What is an index

An index is a structure that sorts the values of one or more columns of a database table. Using an index, you can quickly access specific information in a database table.

The main purpose of index is to speed up the retrieval of data in the table, is a data structure to assist query.

Second, index model, implementation

There are many data structures that can be used to improve read and write efficiency. Three common data structures are hash table, ordered array and search tree.

Hash table

A structure that stores data in key-value pairs. You can find the value of the key directly according to the key to be searched.

Hash implementation ideas store the value in the array, through a hash function to calculate the key into a certain position of the array, and then put the value in the position, that is, the storage position = F (key), F is the hash function.

Hash collision, also known as hash collision, is when multiple keys are computed by the hash function to obtain the same value (address).

Hashing conflict solutions mainly include:

  1. Open addressing – In the event of a conflict, continue to find the next unoccupied storage address.
  2. Rehash function.
  3. Chain address method. HashMap takes this approach, that is, array + linked list (single linked list).

Application Scenario The hash table applies to the scenario where only equivalent query is performed. For interval query, scan all entries.

Orderly array

Application Scenario Ordered arrays perform very well in the equivalent query and range query scenarios, but ordered array indexes are only suitable for static storage engines, because the update operation may involve moving all subsequent data records, which is too expensive.

Search tree

Binary search trees can also be used as indexed data models. The time complexity of the query is O(log(N)). To maintain the query complexity, it is necessary to keep the tree as a balanced binary tree, and to ensure this, the update time complexity is also O(log(N)).

Binary search trees are the most efficient, but in practice most database storage does not apply to binary trees because indexes are not only stored in memory, but also written to disk.

In order for a query to read as little disk as possible, it is necessary to allow the query to access as few blocks as possible, which should apply to an N-tree rather than a binary tree. N tree is widely used in database engine because of its advantages in read/write performance and disk access mode.

InnoDB index model

In MySQL, indexes are implemented at the engine level, so there is no uniform index standard, that is, indexes of different storage engines work differently.

Index-organized tables In InnoDB, tables are stored as indexes according to the order of primary keys. Such tables are called index-organized tables.

InnoDB uses a B+ tree index model, so all data is stored in B+ trees. Each index in InnoDB corresponds to a B+ tree.

The index type

The indexes are classified into primary key indexes, non-primary key indexes (unique indexes and common indexes).

Leaf nodes indexed by primary keys hold entire rows of data. In InnoDB, it is also called a clustered index.

Leaf node contents that are not primary key indexes are primary key values. In InnoDB, it is also called secondary index.

Primary key indexes differ from normal index queries

  • Primary key index query, only need to search the primary key index of B+Tree.
  • For a common index query, search the common index tree to obtain the primary key column value, and then search the primary key index tree again. This process is called back to the table.

In summary, queries based on non-primary key indexes require an additional index tree scan, so primary key queries should be used as much as possible.

InnoDB index structure diagram is shown below, where ID is the primary key and K is the non-primary key index column.

4. Index maintenance

B+ trees need to perform necessary maintenance when inserting new values in order to maintain index order.
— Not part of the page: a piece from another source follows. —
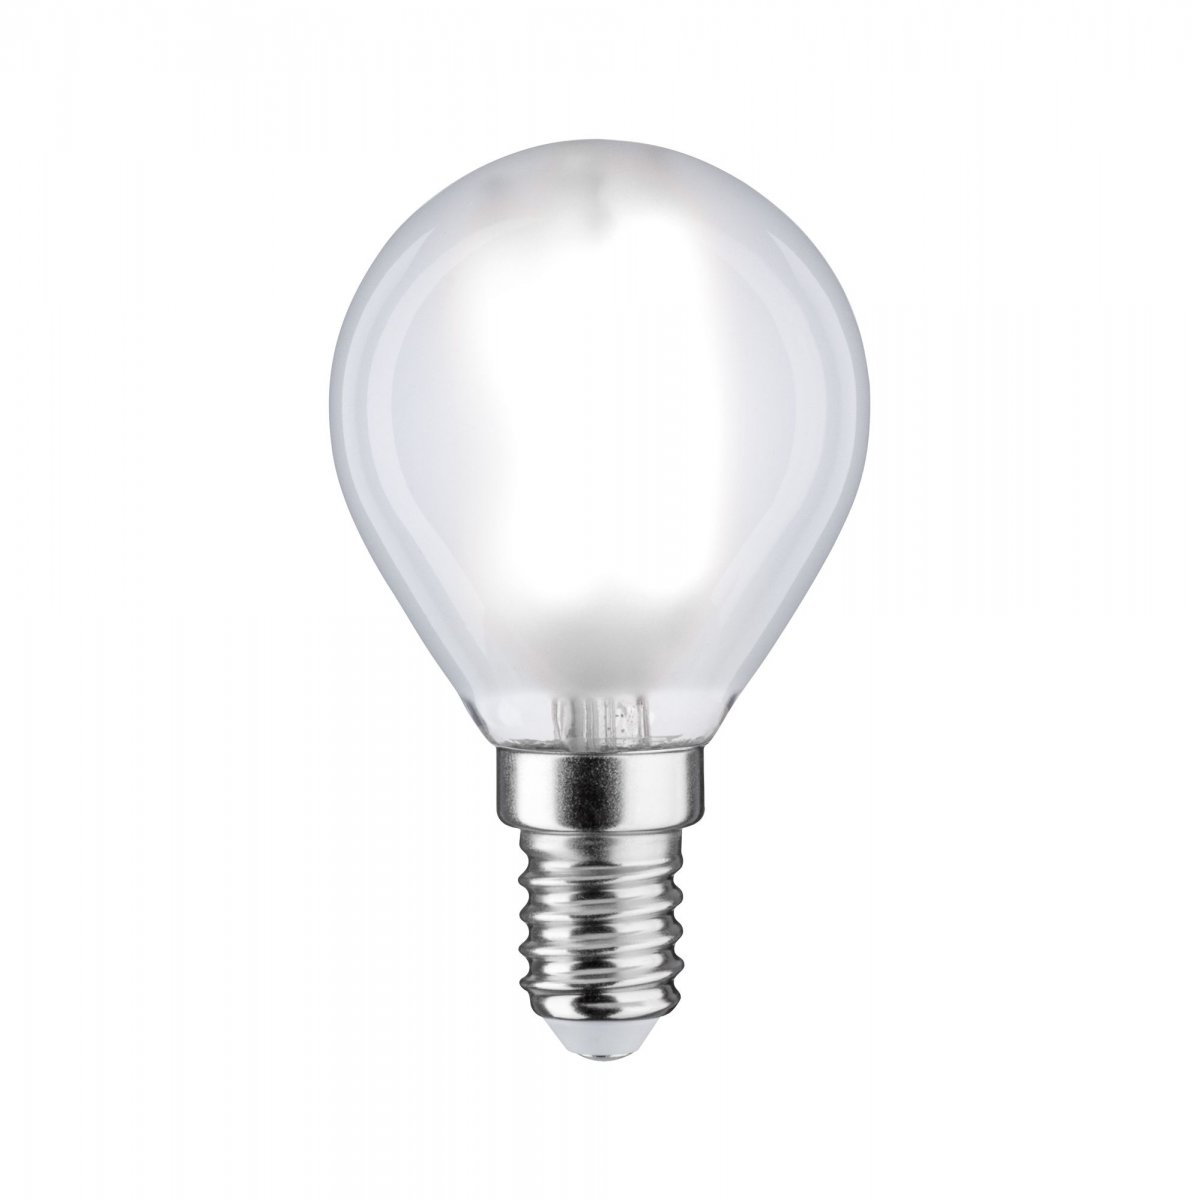 Paulmann No. 28761 LED Tropfen 5 Watt E14 6500K tageslichtweiß dimmbar -->  Leuchten & Lampen online kaufen im Shop light

Page splitting If new data is inserted into the data and the corresponding data page is full, according to the B+ tree algorithm, a new data page needs to be applied for and part of the data is moved. This process is called page splitting.

Page splitting effects:

  1. Performance deteriorates.
  2. The utilization of data pages is affected. The data that could be placed on one page is divided into two pages, and the overall space utilization is reduced by about 50%.
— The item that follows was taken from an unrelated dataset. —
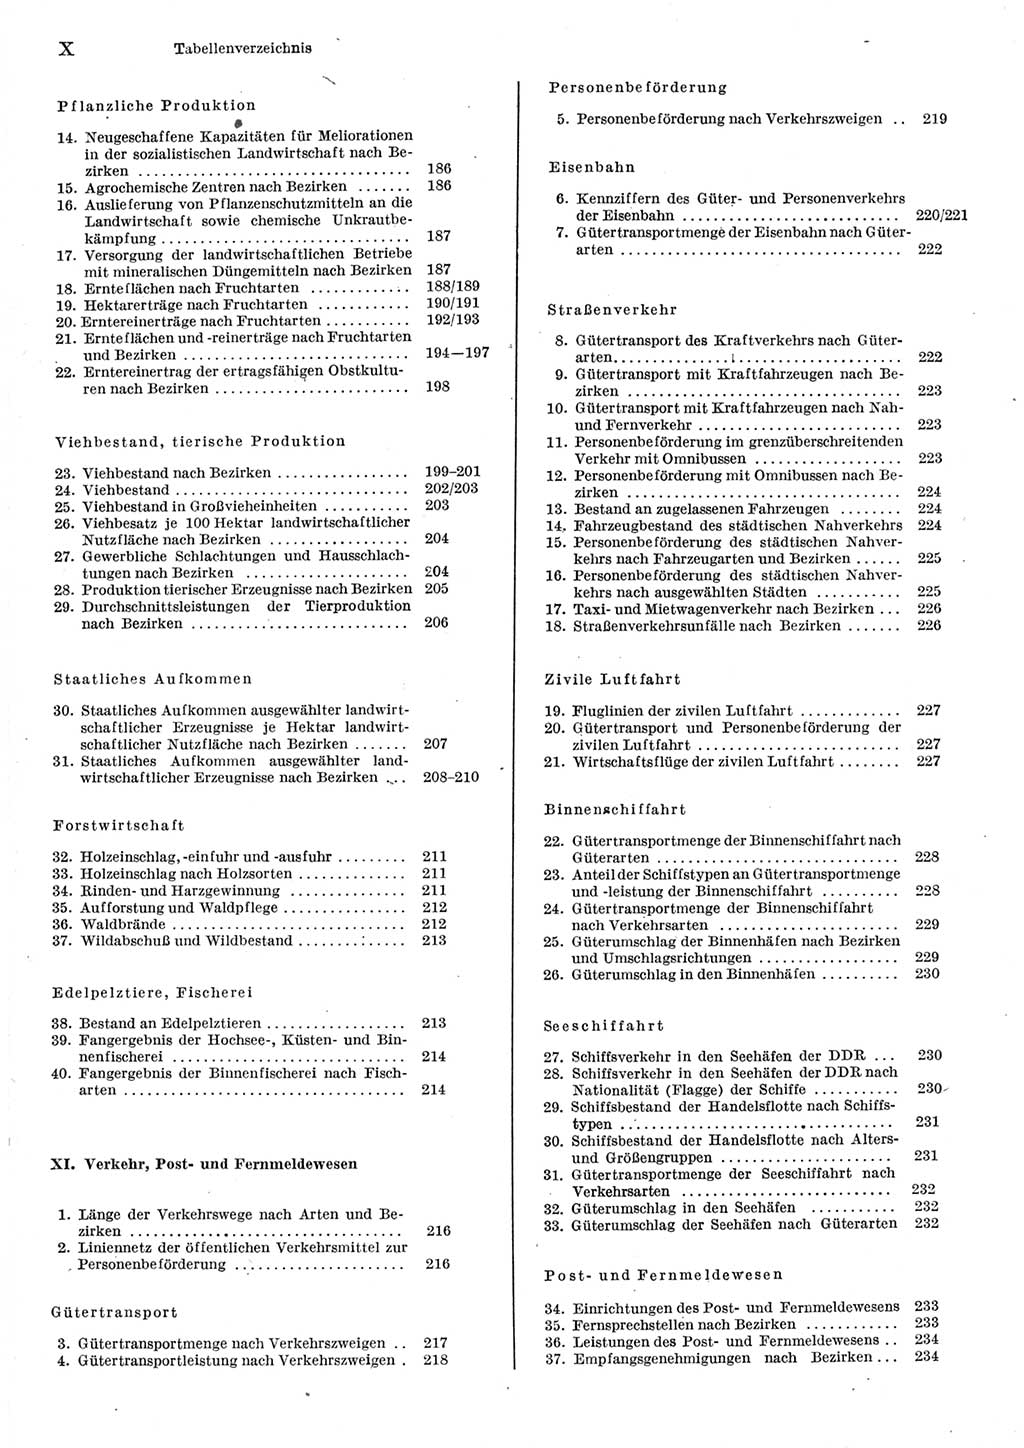 Statistisches Jahrbuch der Deutschen Demokratischen Republik (DDR) 1977, Seite 10 (Stat. Jb. DDR 1977, S. 10)

Page merge If the utilization of two adjacent pages is low due to data deletion, the data pages are merged. The process of page merge is called page merge.
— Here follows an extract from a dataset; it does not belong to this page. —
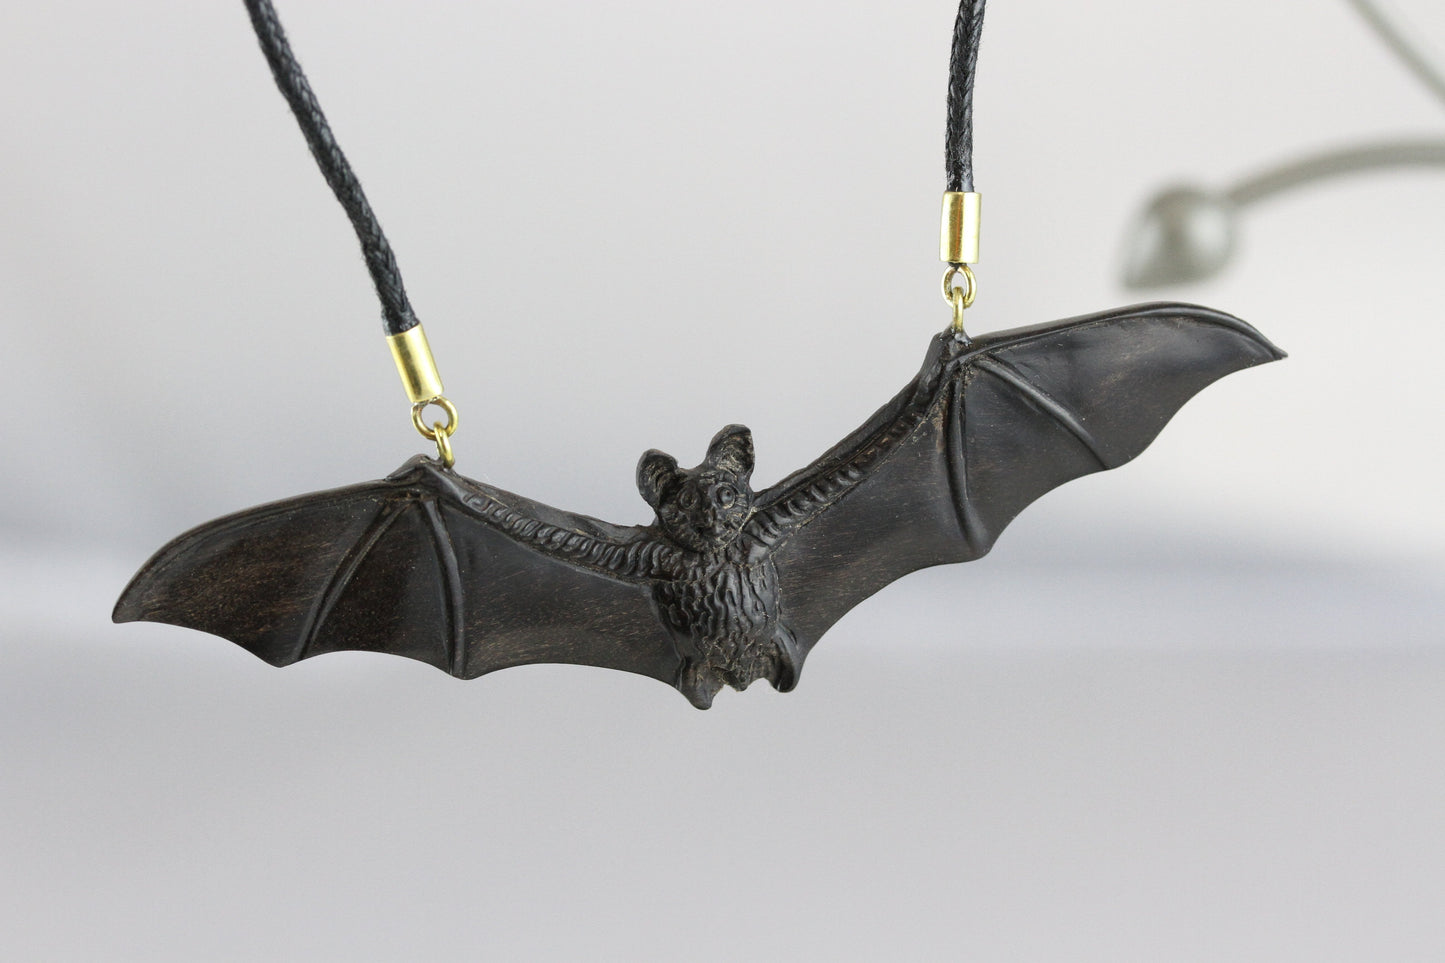 Flying Bat Necklace - Carved Wood Necklace - U060

Application scenario of the auto-add primary key

In which scenarios should auto-increment primary keys be used and in which scenarios business field primary keys should be used? (PS: The primary key of the business field must be unique)

From the point of view of performance, the auto-increment primary key mode is consistent with the incremental insertion scenario, which is an append operation without data moving or triggering the splitting of leaf nodes. However, the mode of business field master key is not easy to ensure orderly insertion, and the cost of writing data is relatively high.

In terms of storage space, each leaf node that is not a primary key index contains the value of the primary key. The smaller the primary key length is, the smaller the leaf node of the common index is, and the smaller the space occupied by the common index is. So in your choice, consider the length of the business field and the increment primary key field itself.

In summary, auto-increment of primary keys is often a more reasonable choice for performance and storage space.

Scenarios where business fields are directly home keys

  1. There is only one index;
  2. The index must be unique.

That is, when there is no other index, there is no need to worry about the size of the leaf node of the other index.

Five, the summary

References:

1. Simple index (1)

2. One of the Java collections – HashMap

This article is published by OpenWrite!